Preparing for the wedding also involved other considerations such as planning for accommodation, getting enough food and drinks for guests, and brewing special ale for the bride and groom to drink as part of the wedding ceremony. All these considerations required a lot of time. Most wedding ceremonies took place within one, two or three years after the settling of the negotiations. This was especially influenced by the fact that Vikings made frequent trips to neighboring kingdoms and it would therefore be difficult to select the perfect date for everyone involved.

Viking bride with horns and extravagant hair.

2. Viking Brides’ Symbolic Virginity

Prior to the wedding, Norse grooms and brides were separated with the intention of stripping away their old selves. This was meant to prepare them to enter their new life together. Brides were stripped of their old clothing and the symbols of her old status, including her kransen, which was popularly worn by Scandinavian girls. It was a symbol of virginity and other values, and would be kept safe for the bride’s future daughter. On the wedding day, this kransen would be replaced with a bridal crown.

During this period of sequestration, the bride would also cleanse herself in a bathhouse. Tubs would have hot stones, and women would use birch twigs for increased perspiration. This was a symbol of washing away a bride’s maiden status. On finishing the hot bath, the bride would plunge in a cold bath to end the cleansing process by closing the pores. Throughout this process, brides would be attended to by their mother, married sisters, and any other married female relative or friend.

3. Grooms’ Symbolic Death And Rebirth

Grooms also underwent symbolic rituals before getting into marriage. They were attended to by their father, married brothers, and married male friends. Theirs was a symbolic sword ceremony which was meant to strip their bachelorhood. For this ritual, the groom-to-be would break into an ancestor’s grave and retrieve a sword that was laid by his attendants. Emerging from the grave with the sword signified that he had entered death as a boy but emerged back to life as a man.

Once he had retrieved the sword, the groom would go to a bathhouse where he would symbolically wash his bachelorhood away and purify himself ahead of the wedding ceremony. During this stage of cleansing, the groom would receive insights and tips on fatherly and husbandly duties from his attendants.
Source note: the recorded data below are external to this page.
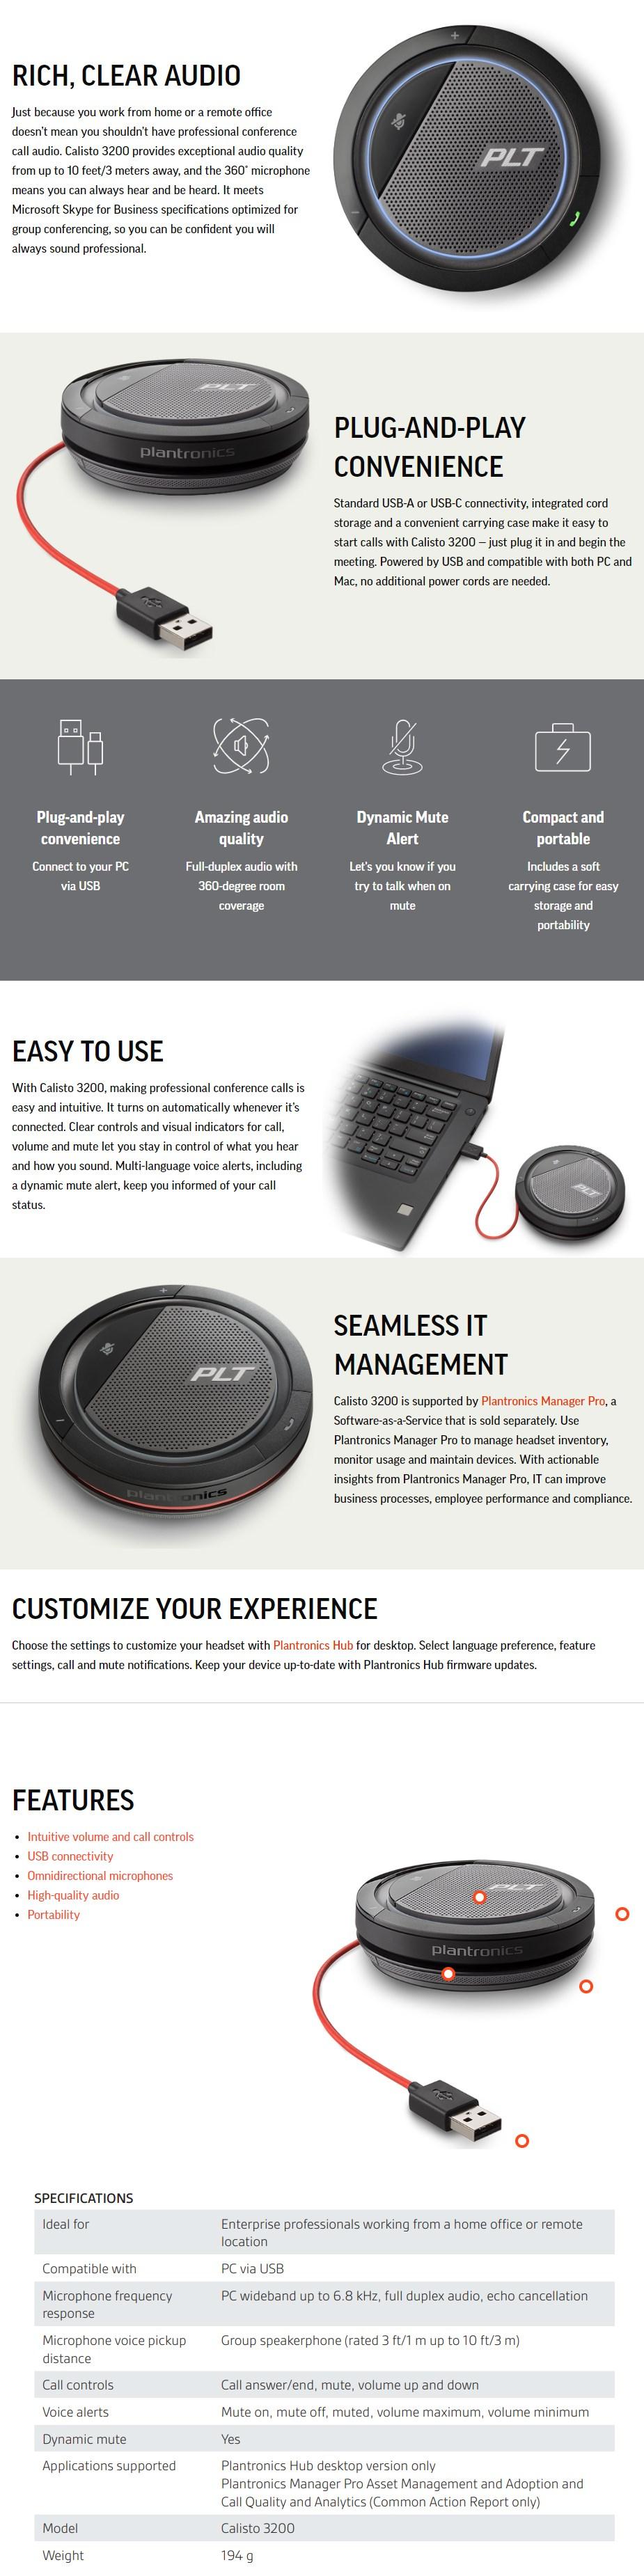 plantronics-calisto-3200-uca-usba-portable-speakerphone-ac27683-3.jpg
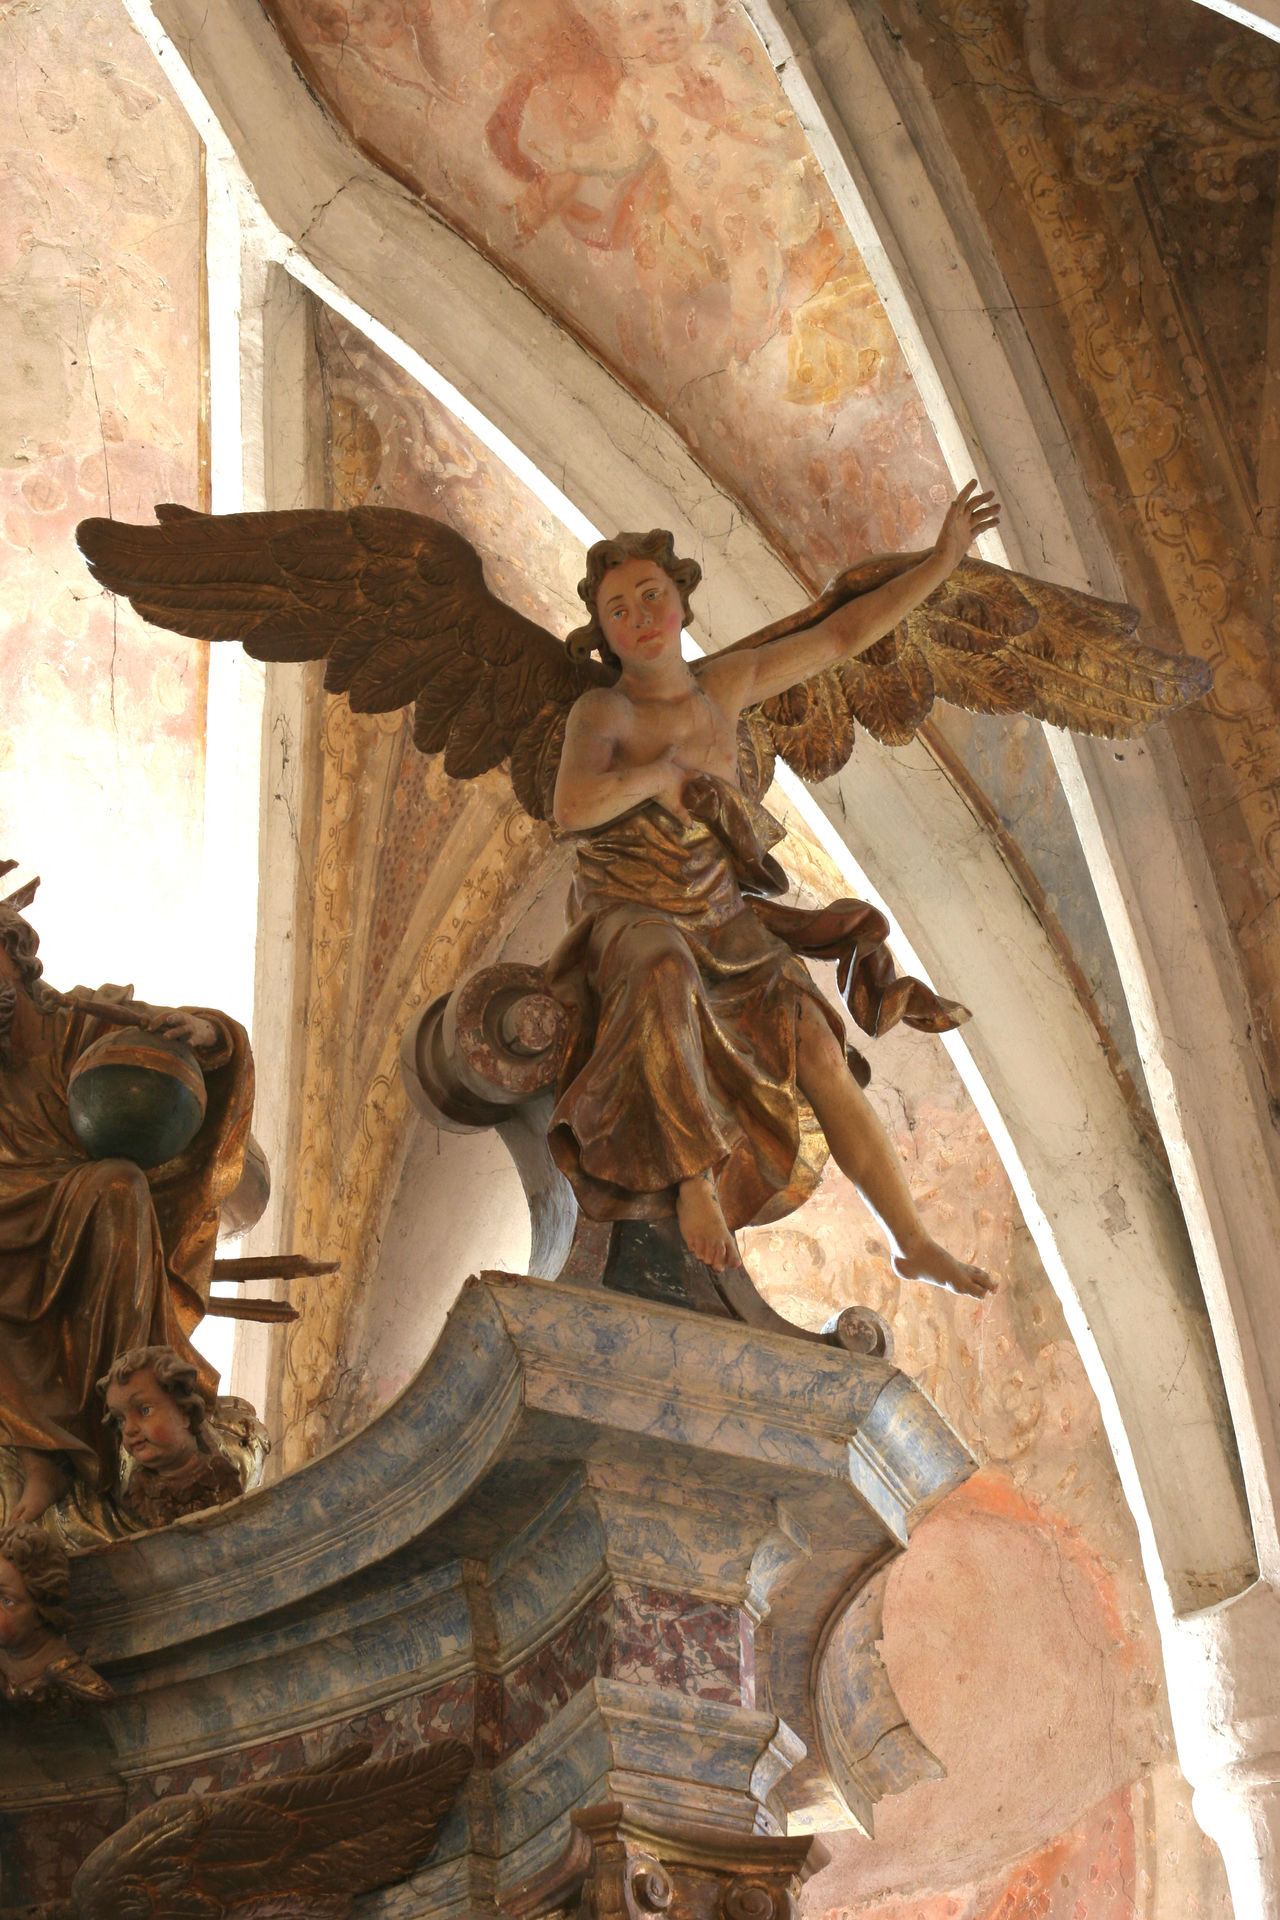 Angel Altar Angel Antique Art Belief Christianity .. Church Confession Croatia Europe Faith Gold Gospel Historical Holy Old Pray Religion Religious  Saint Sculpture Spirituality Statue Worship
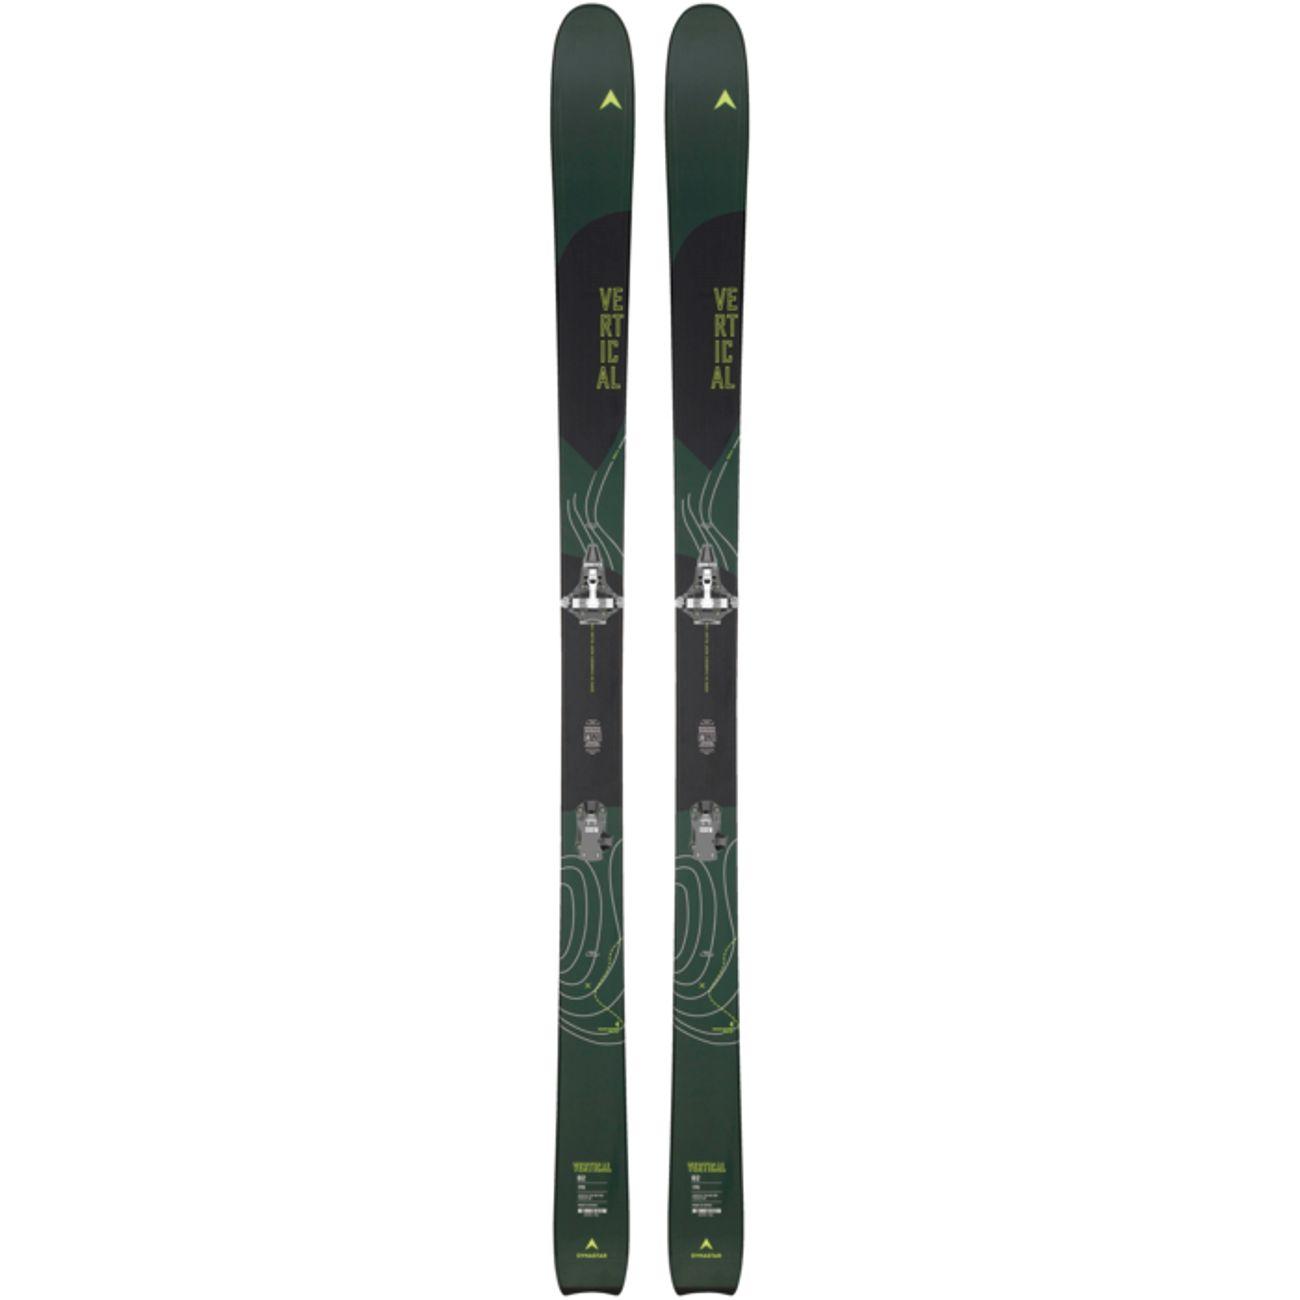 SKIS Ski mixte DYNASTAR VERTICAL  (OPEN) ST 10
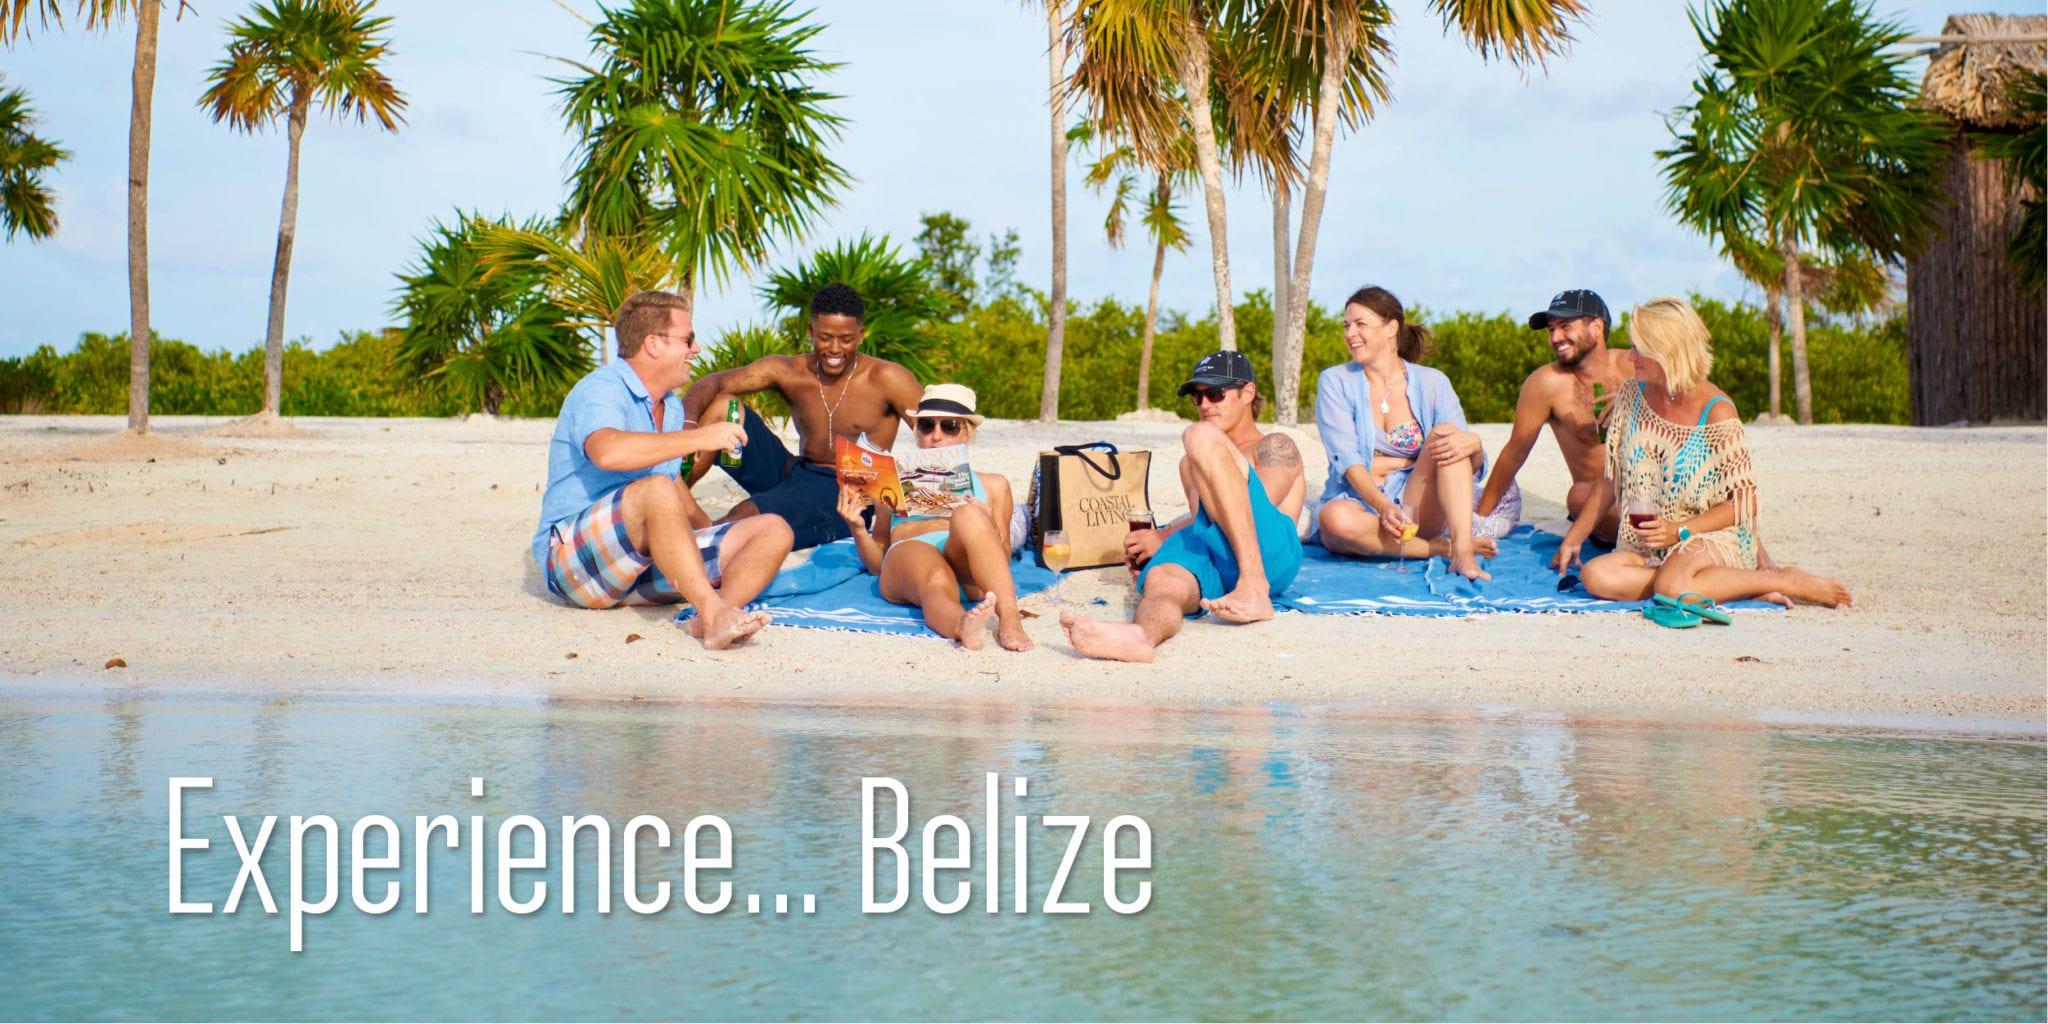 acb4b35a6f95c Caribbean Culture, LIfestyle, McNab Visual, Belize, Travel; Caribbean ...
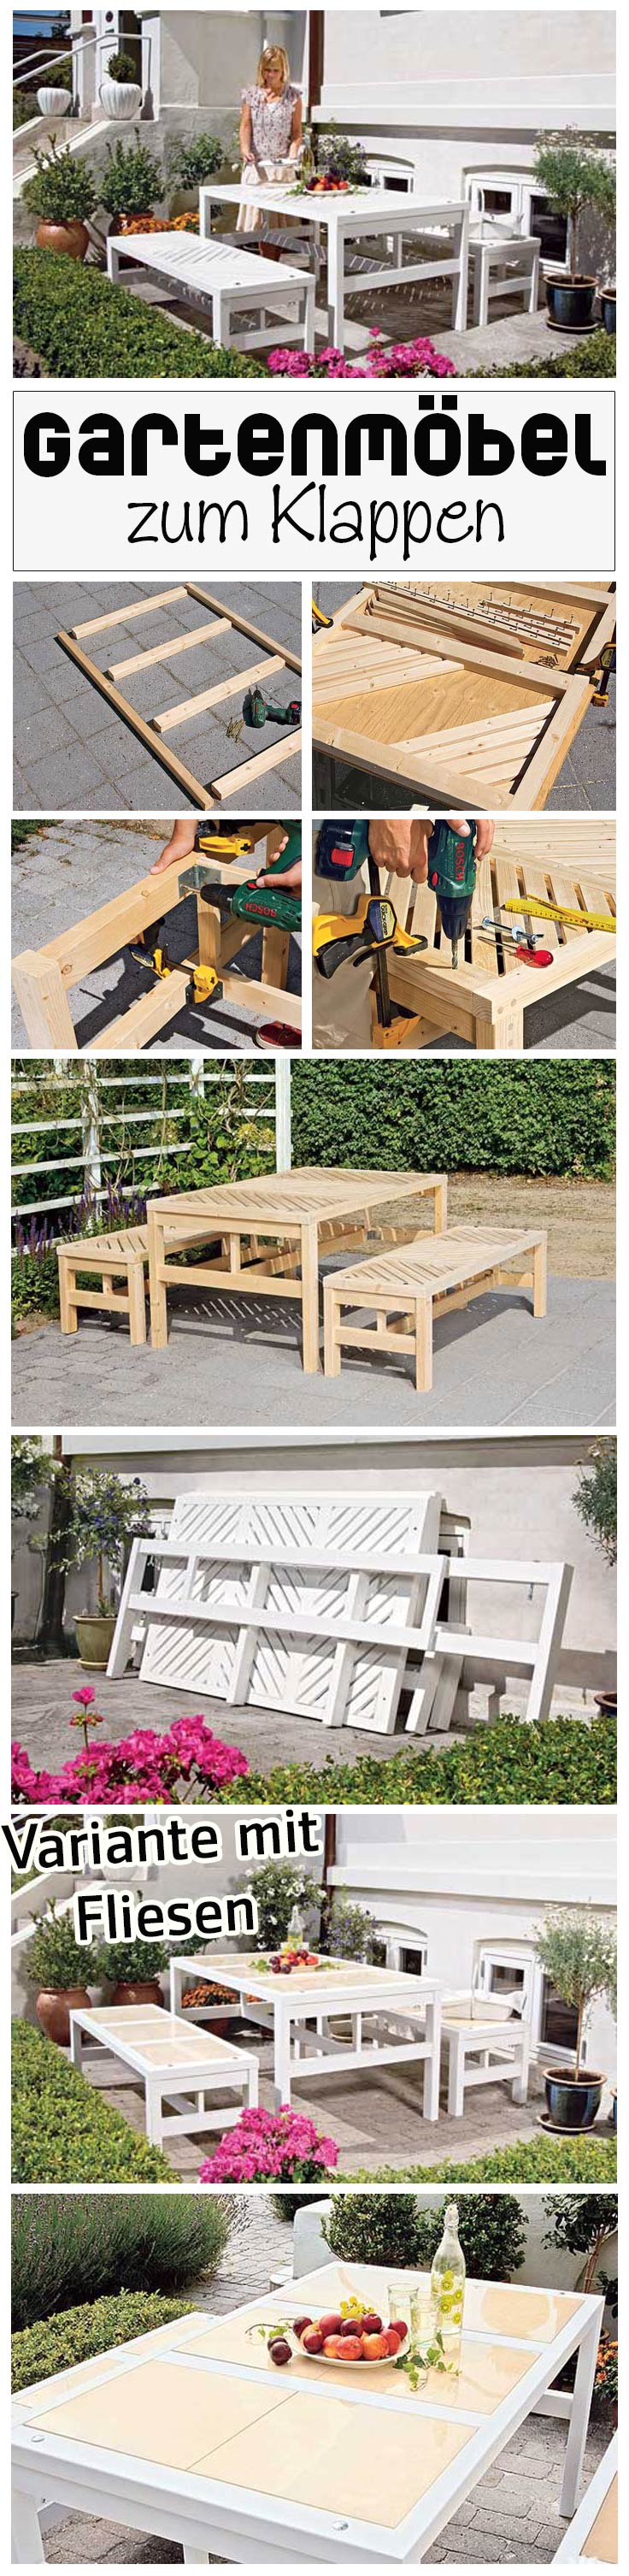 Gartenmöbel zum Klappen Garten, Gartenmöbel selber bauen

4. Goat Sacrifice For The Wedding To Work

On the conclusion of premarital rituals, the wedding ceremony would begin with the exchange of the bride-price and dowry. This would then be followed by the summoning of the gods and goddesses in which a sacrifice and incarnation would be involved. If sacrifices were necessary, Vikings would use animals related to the gods of fertility. For instance, for Thor, a goat would be sacrificed. For Freyja, a horse or boar would be sacrificed.

Viking bride with her sword, ready for the sword exchange ceremony.

5. Exchange Of Rings And Swords

In Viking weddings, grooms presented their ancestral swords to their brides to keep for their future sons. Brides also presented their grooms with ancestral swords, which symbolized the transfer of fatherly protection of the bride’s father to the groom. The gift symbolized a sacred union. After that, the bride and groom would exchange rings to consecrate their marriage.

6. Thor’s Manhood On The Bride’s Lap

At the ceremony’s feast, a simulacrum of Mjolnir, which was Thor’s hammer, was placed between the bride’s womb and genitals and was highly symbolic.

7. Viking Wedding Clothes

Viking bride waiting for her wedding

During the wedding, the bride and groom did not dress in extravagant clothing. Brides did not wear white dresses. Instead, they wore flowing dresses with plenty of layers and ruffles, over an under-dress. Brides wore a headdress and fur cloaks. The emphasis was on their hair rather than their clothing. Brides maintained long hair, which was braided in voluminous and elaborate styles and was then capped with a floral crown.